Eu Visto Preto Por Dentro e Por Fora

1 0 0
                                    


Gabriel:

Era mais uma noite na quebrada, e a brisa fria acariciava meu rosto enquanto eu caminhava pelas ruas. Estava vestido de preto, como sempre. Era uma escolha consciente, uma maneira de expressar a minha identidade e a luta que carregava no peito. “Eu visto preto por dentro e por fora.” Essa frase ecoava em minha mente, uma declaração que significava muito mais do que apenas uma cor.

O preto não era apenas uma cor de roupa; era uma forma de resistência, uma camada de proteção contra o mundo que muitas vezes se mostrava hostil. Era o manto que me envolvia, cobrindo não apenas meu corpo, mas também minha alma. A cor representava a dor e a luta de todos nós que crescemos nas quebradas, onde cada dia é uma batalha pela sobrevivência.

Ao passar pela praça, vi um grupo de amigos reunidos, compartilhando risadas e histórias. O ambiente tinha um ar de alegria que contrastava com a realidade dura que vivíamos. “Ei, Gabriel!” chamou o Júnior, um amigo de infância, enquanto acenava. “Vem cá, mano! Tô falando pra galera que cê é o rei da rima!”

Sorri, mas no fundo, sabia que ser o “rei da rima” era mais um rótulo que colocavam em mim. Eu apenas contava as histórias que vivia, as dores que carregava e as alegrias que encontrava nas pequenas coisas. “Valeu, Júnior, mas não sou rei de nada. Sou apenas um cara que veste preto por dentro e por fora, tentando fazer a voz da quebrada ser ouvida.”

O grupo se reuniu em torno de mim, e as conversas começaram a fluir. A música alta tocava ao fundo, e eu não pude evitar a sensação de que aquela união, aquela força, era o que realmente importava. As palavras começaram a sair, e a rima tomou conta do ar. “Escuta isso, mano!” eu disse, e comecei a rimar sobre a vida na favela, sobre as lutas e a resistência.

“Visto preto, meu irmão, na pele e na mente,
A cada dia é um desafio, uma guerra latente.
Os que vêm do gueto, com alma e sem medo,
Fazem história na quebrada, mesmo em meio ao enredo.
Os ricos observam, mas nunca entendem,
Que o amor e a luta na favela não se prendem.”

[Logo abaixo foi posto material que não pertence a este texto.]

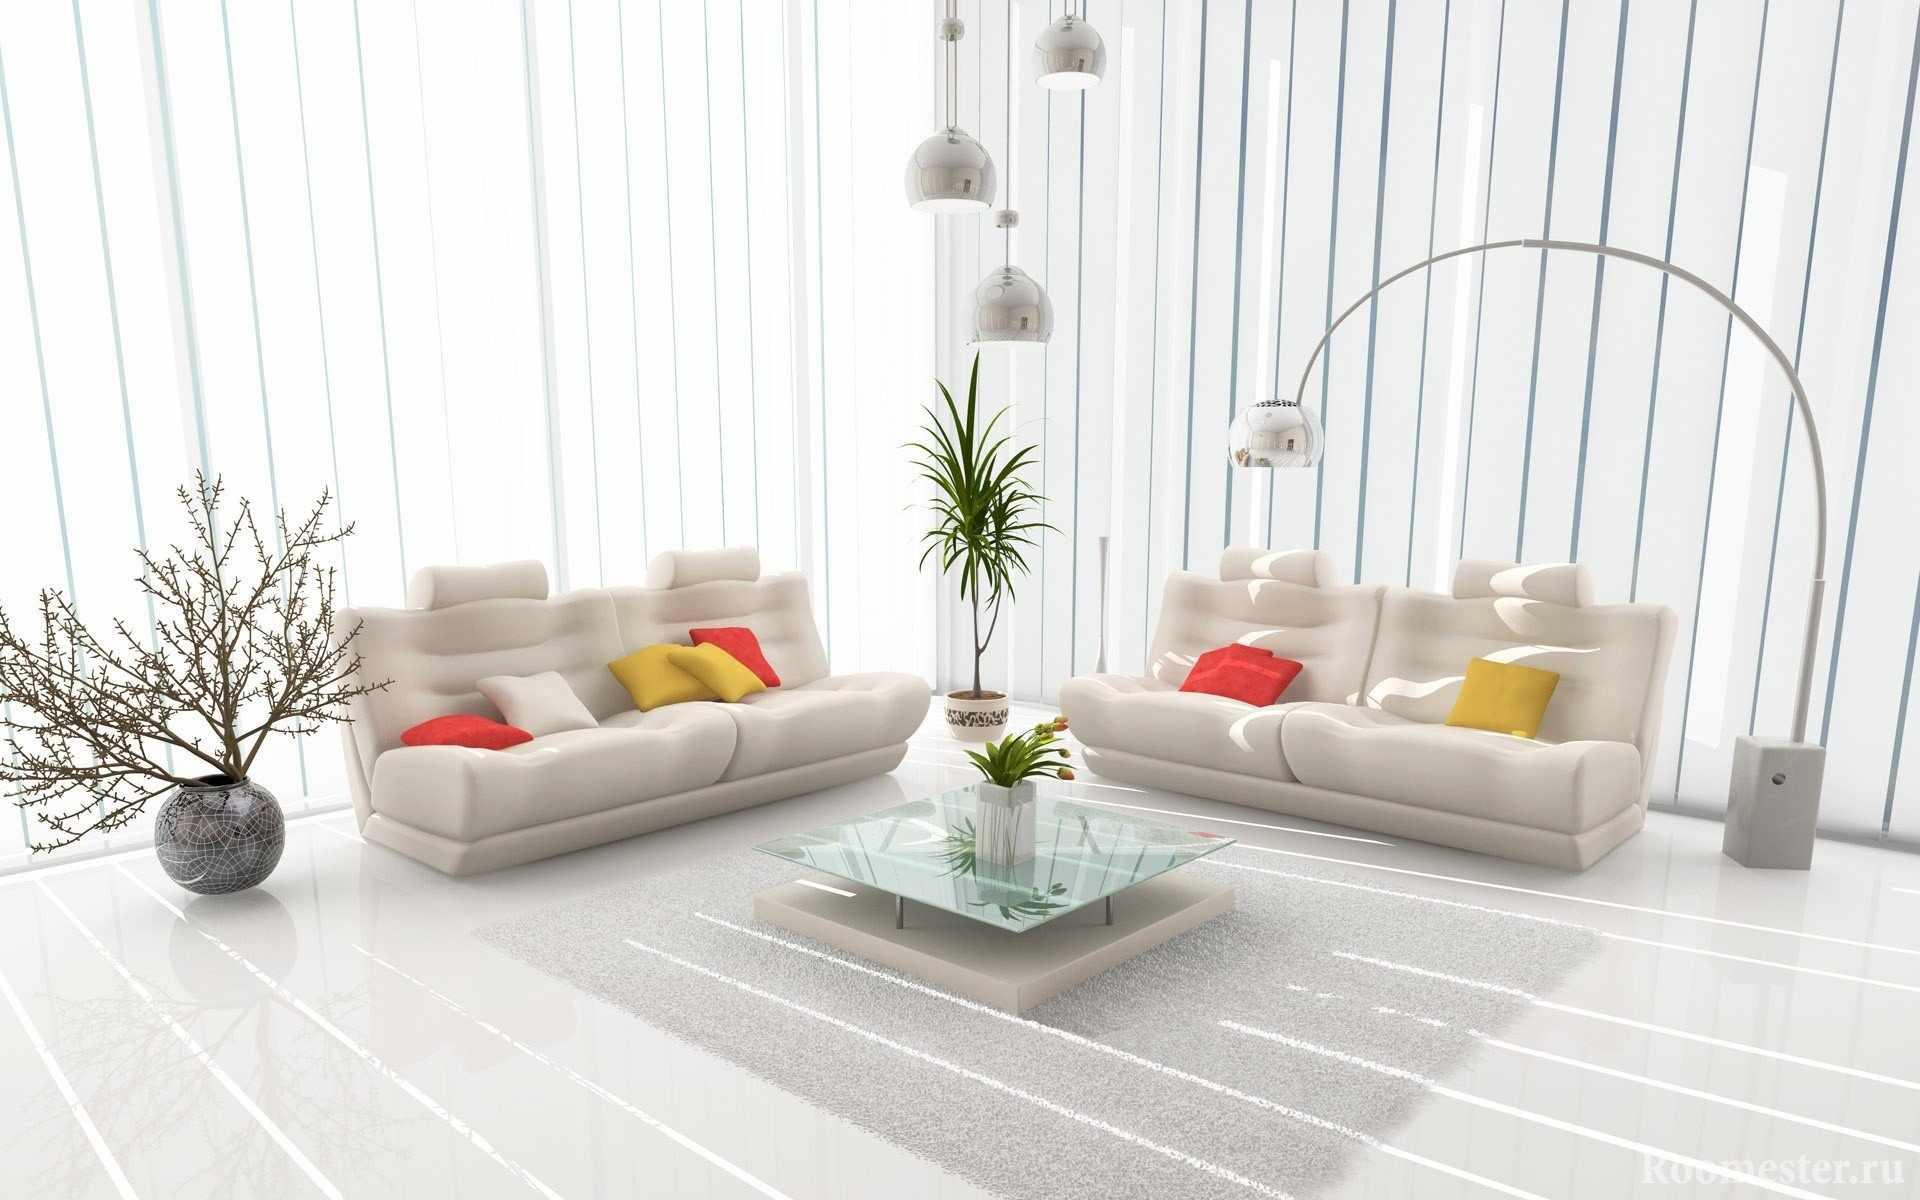 Яркие подушки на белых диванах в гостиной

A energia do grupo aumentava, e a vibração das rimas se espalhava. O olhar de cada um ali estava focado, como se as palavras que eu falava fossem um reflexo de suas próprias vidas. Eu sabia que cada um deles vestia seu próprio preto, suas próprias cicatrizes, suas próprias lutas.

“É isso, Gabriel! Continua!” gritou o Thiago, incentivando. “Fala pra eles que a gente não tá aqui de passagem. Somos guerreiros, e essa quebrada é nossa casa!”

E assim, continuamos a rimar, cada verso trazendo à tona a realidade que vivíamos. Falamos sobre a dor, a perda, mas também sobre a força, a amizade e a luta diária. O preto que eu vestia não era apenas um símbolo; era um manifesto, uma forma de resistência.

“Eu visto preto, e isso é mais do que roupa,
É a pele, a história, é tudo que nos rouba.
Mas também é amor, é união, é verdade,
Na quebrada, encontramos nossa própria identidade.”

Enquanto as rimas ecoavam pela praça, percebi que, mesmo nas dificuldades, havia beleza. O preto que eu vestia, por dentro e por fora, era um lembrete constante de que, apesar das adversidades, éramos mais do que sobreviventes; éramos criadores, sonhadores e, acima de tudo, lutadores.

Quando a noite avançou, a energia do grupo continuava intensa. Víamos juntos o sol se pôr, refletindo sobre as lutas que ainda teríamos pela frente, mas também sobre a força que tínhamos. Vesti meu preto com orgulho, sabendo que ele era uma parte vital da minha identidade e do meu legado.

“Que venham os desafios, eu tô preparado,” pensei, enquanto a noite caía sobre a quebrada, e a música e as risadas se misturavam em um hino de resistência e amor.